Neighborhood News

November 2024

Posted

Volunteering for the holidays with Summit neighborhood

Summit Neighborhood Association (SNA) continues to support Your Neighborhood Food Pantry at 533 Branch Avenue by helping to coordinate some of their volunteers, as well as raising funds for this coming holiday season. The pantry is currently looking for extra food and financial donations to provide Thanksgiving meals for community members. For more information or to donate, contact Ynfp22@gmail.com or via their website at YNFP.org. Volunteers also assist the Mount Hope Community Center with their work distributing groceries every Friday to residents in need. More helpers are always needed and appreciated for both organizations. Contact
Snaprov@gmail.com to join the volunteer email list.

 

Mile of History Association accolades and stroll prep

The Mile of History Association (MoHA) received the 2024 James McCarvill Leadership Award from GoProvidence. Named for the late executive director of the RI Convention Center Authority, the award recognizes a person or group that has shown outstanding community leadership benefitting the tourism industry, in this case uplifting MoHA’s Heritage Signage project, which will install 20 signs along Benefit Street to inform visitors of the area’s significant history. MoHA expects to have a ribbon cutting for the project next year.

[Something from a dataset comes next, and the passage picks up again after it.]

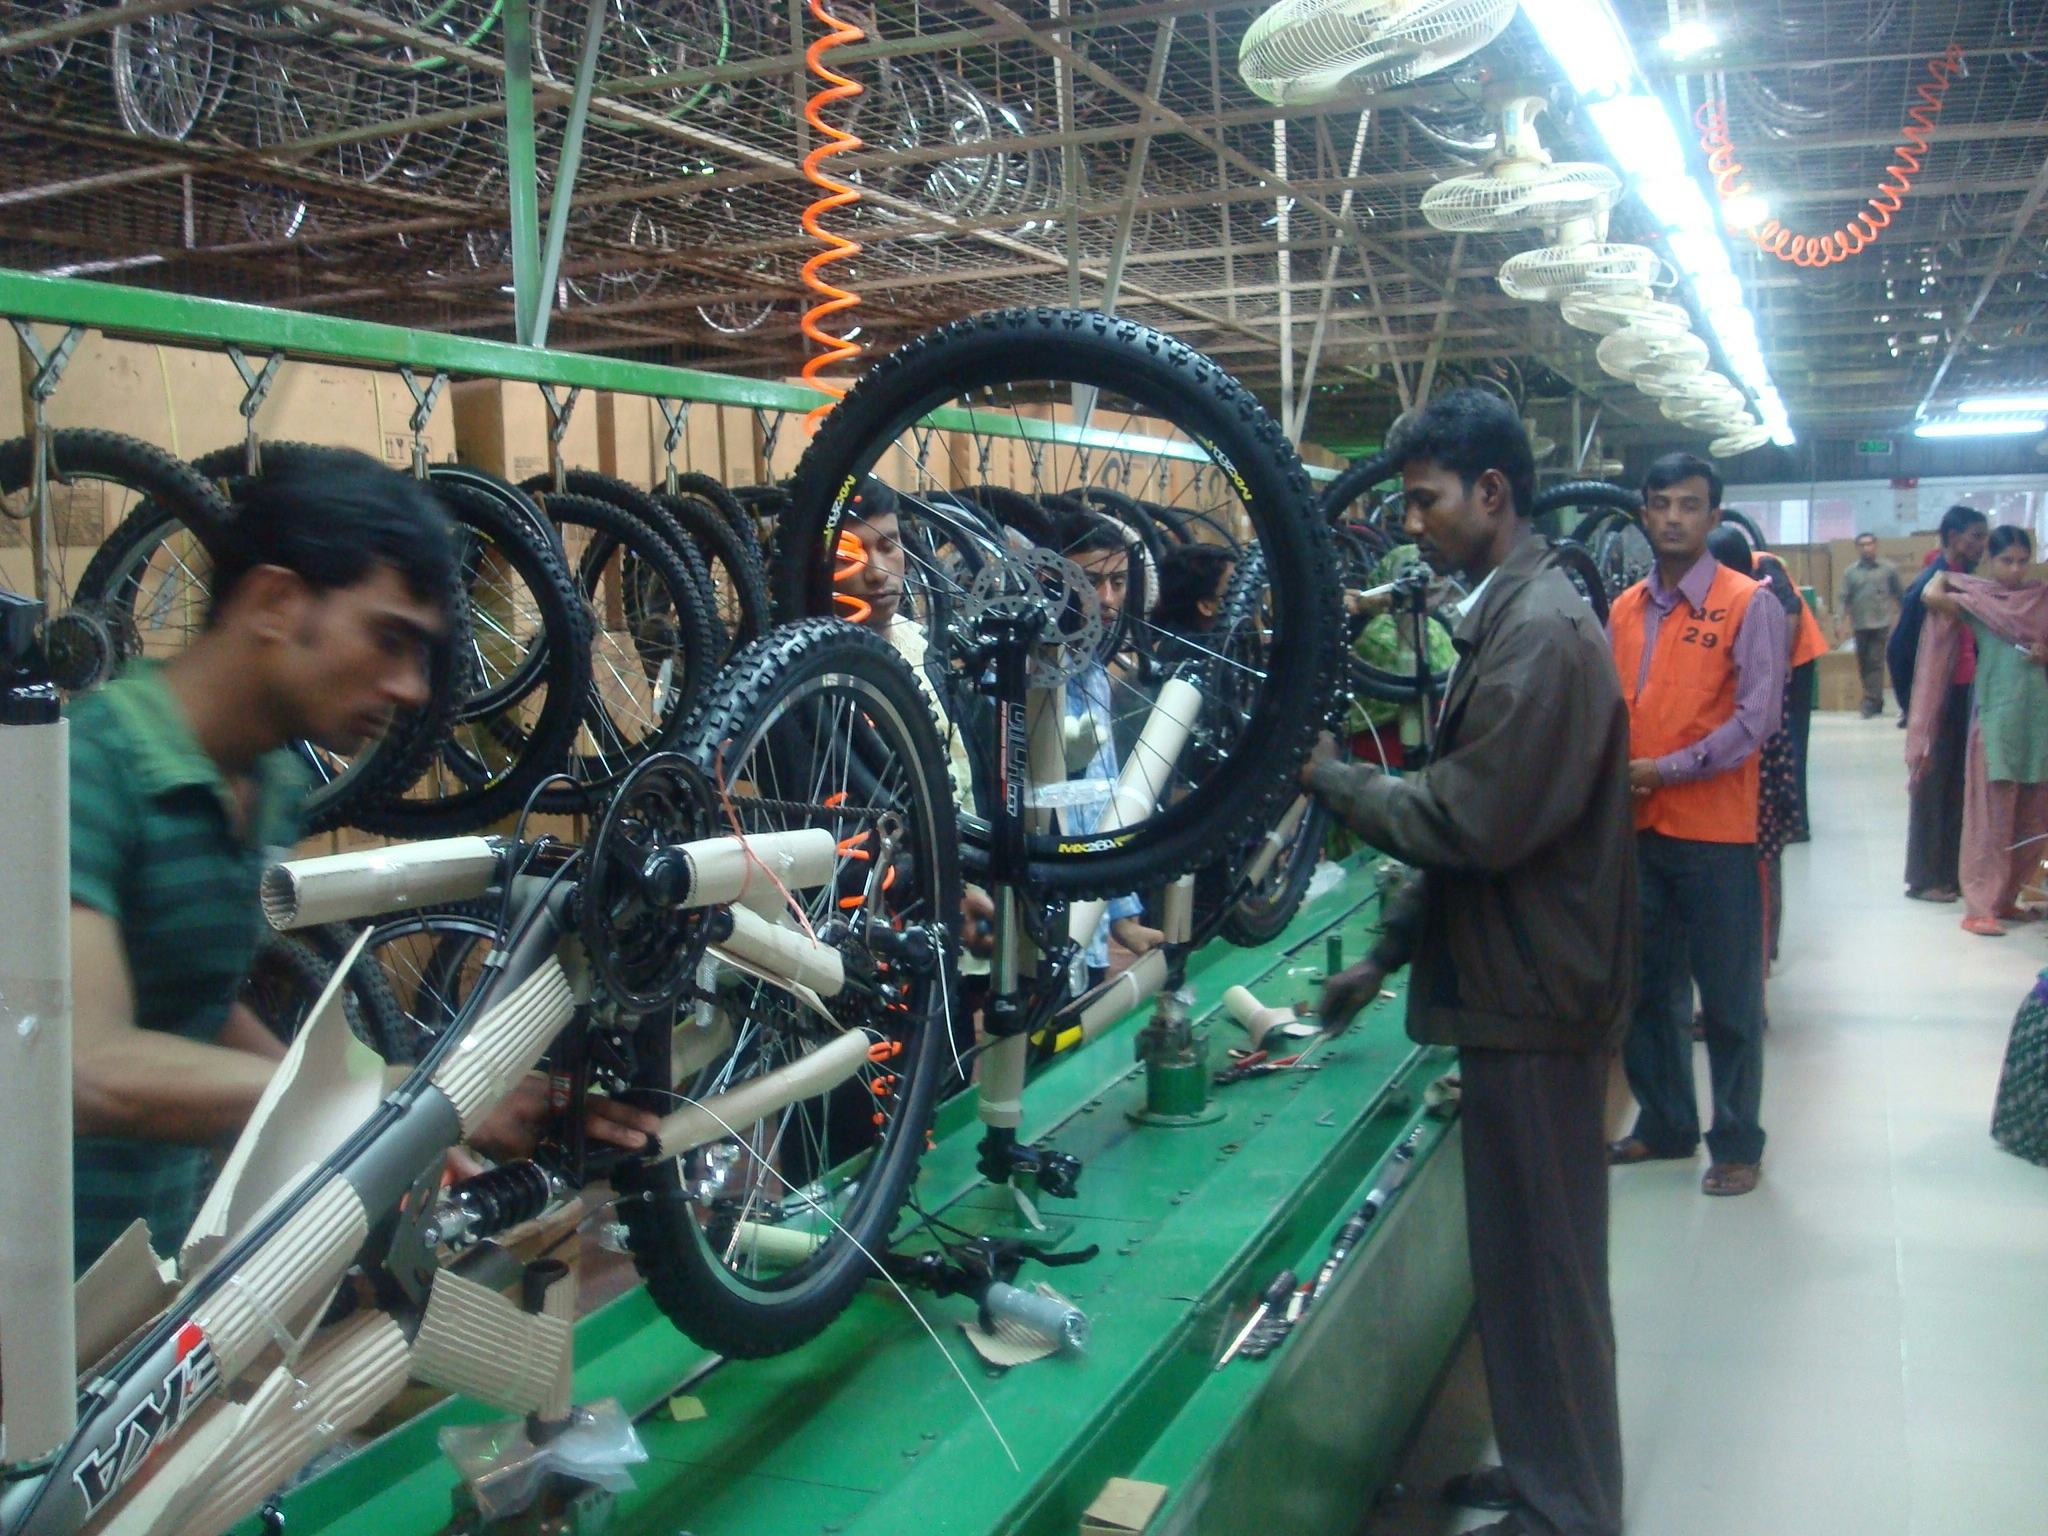 Cambodia’s export to EU dropped slightly in first half of 2019. Sign of much more to come? – Photo Bike Europe
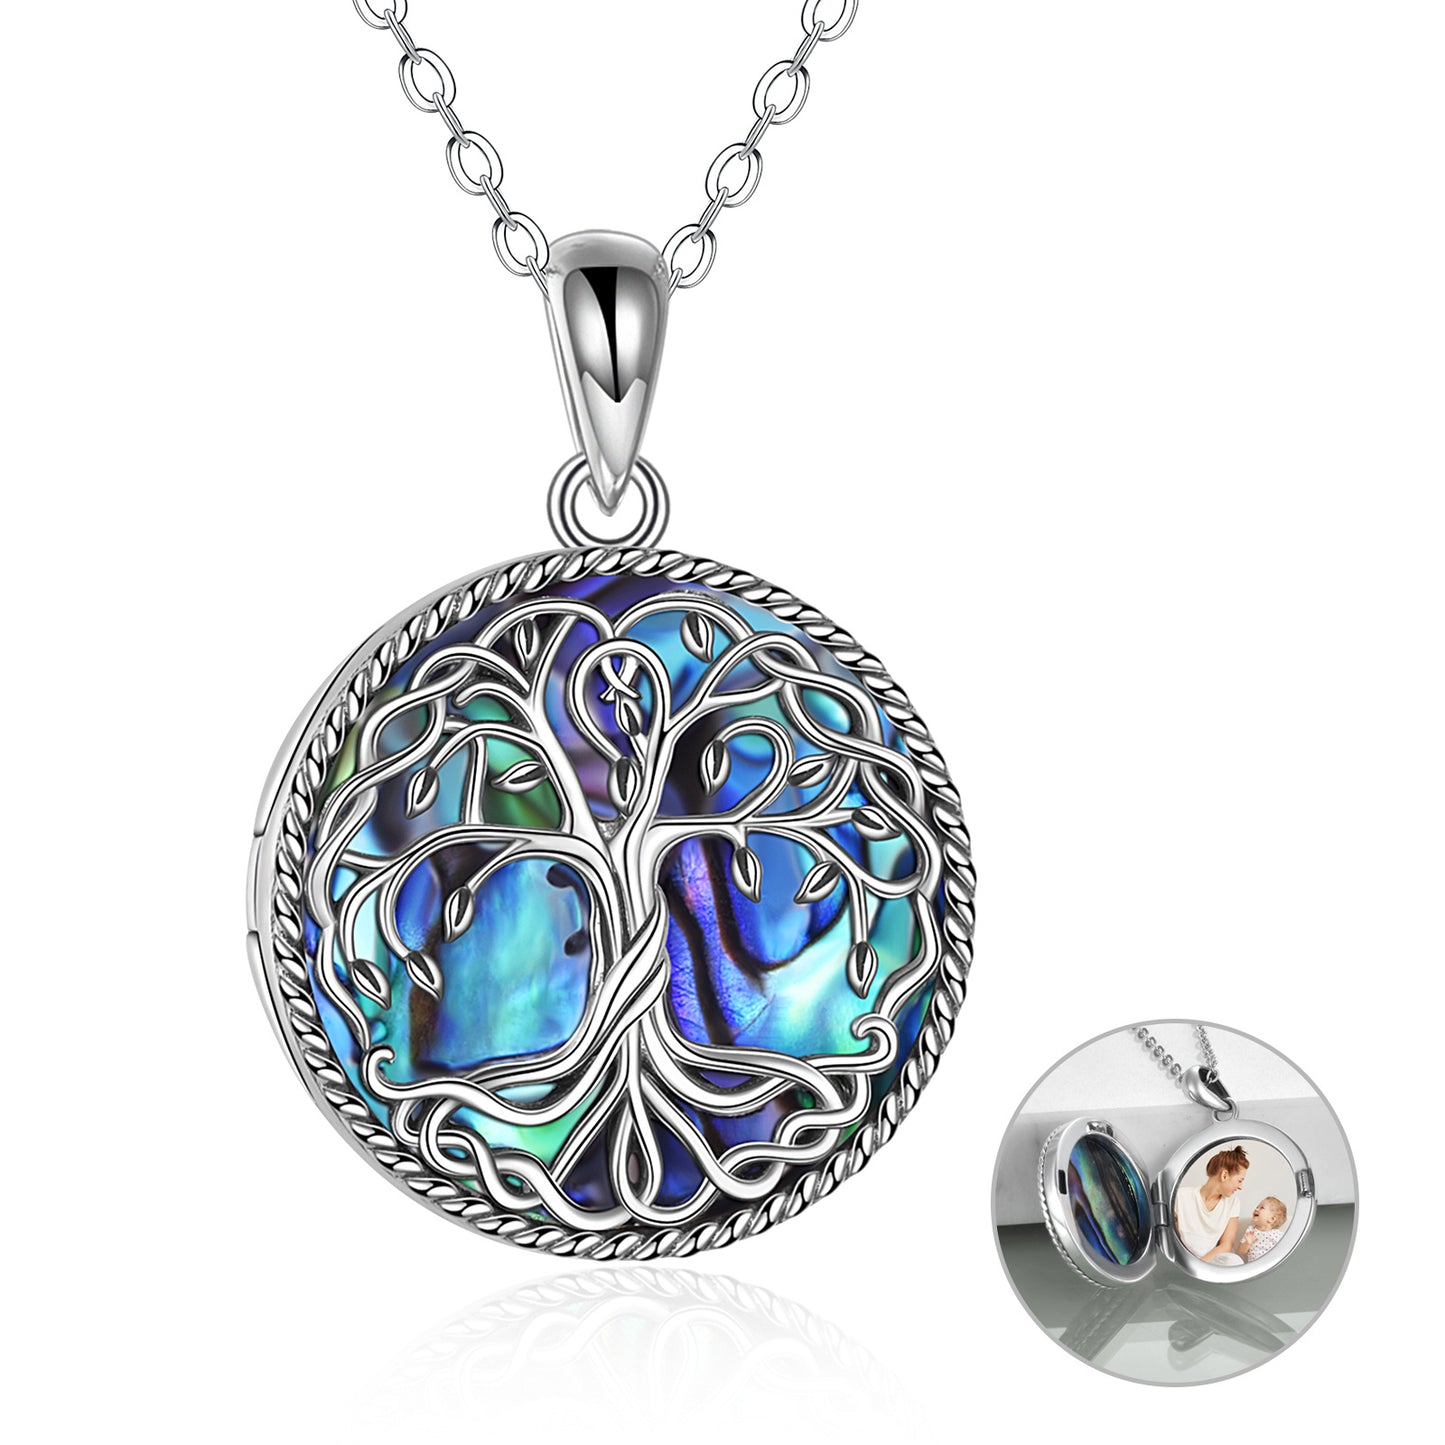 NEW YFN Tree of Life Locket Necklace Jewelry for Women Sterling Silver Celtic Family Tree Abalone Shell Lockets Jewelry Gifts for Mom Daughter

MoHA held their annual meeting on October 27 electing directors for the coming year and sharing updates on projects. For neighbors planning on restoring tree pits in front of their houses, MoHA can help, and a complete description of the approved tree pit structure can be found online at MileofHistory.org/initiatives, with a list of city-approved contractors. The association is also gearing up for the annual Benefit Street Stroll, happening Saturday December 7. The prior weekend, on November 30 and December 1, neighbors are invited to help decorate Benefit Street lamp posts.

 

Facilitator needed for the North End Neighborhood Association

The North End Neighborhood Association (NENA) seeks a skilled facilitator to assist in structuring the association, ensuring it operates effectively, and meets the community’s needs. The NENA just released an RFP soliciting proposals from qualified, neutral, and nonpartisan facilitators to guide the association in establishing its organizational structure, developing governance policies, and creating a strategic plan.

 

Seal spotted in the Jewelry District

Crossing the new footbridge over the Ship Street Canal on a fall evening, Jewelry District Association members Milo and Margery Winter spotted what the Mystic Aquarium reports is a highly unusual visitor from the Arctic: a female Hooded Seal pup. The seal was being monitored by the aquarium after it was spotted in Watch Hill and, according to coastal observers, was heading up the RI coast – until she wandered into Narragansett Bay, where she came ashore on a little gravel beach in Providence.

Volunteers posted a sign warning the public to keep away. Aquarium staff warned that seals under stress tend to swallow small objects like gravel and rocks, as this unhappy seal pup did.  The next morning, a rescue team came from the aquarium to pick her up, but, alarmed, she swam into the river and disappeared. Clearly ailing, she soon crawled onto the beach again. Calls from the Jewelry District Association and others brought the rescue team back, who safely retrieved the pup to be cared for at the aquarium. The latest medical report at press time from the Mystic Aquarium: “The seal had her weekly check up exam with our veterinarian, and she is making great progress. She’s a spunky girl, and we hope she will soon make a full recovery!”

 

Fall preservation programming and projects

Over the last six months, Providence Preservation Society (PPS) has been focused on the city’s Comprehensive Planning process, testifying at public meetings and hearings, organizing community conversations and events, meeting with city officials and issuing amendments in an effort to make the plan more equitable, attentive to the city’s heritage corridors, and better aligned with Providence’s Climate Justice Plan. These recommendations have included expanding the list of protected “historic districts” to include nationally recognized historic neighborhoods in Smith Hill, South Providence, and the West Side, and prioritizing adaptive reuse as a key sustainable building practice.

PPS is also in the midst of launching a multi-year research project to update some of their earliest reports from the 1960s and ‘70s on the homes of College Hill. With the help of experienced volunteers and Brown University students, they are adding information about people who were often ignored in the reports, including women, children, people of color, and members of the poor and working class. These updated histories will be added to their online Guide to Providence Architecture.

Among a full schedule of programs this fall, which included a 13-mile urban hike and a two-day wooden window restoration workshop, PPS hosts a tour of Atlantic Mills on November 3, a heritage event on Fox Point’s Cape Verdean community on November 17, and their biennial Preservation Awards on November 19. Find details at PPSRI.org.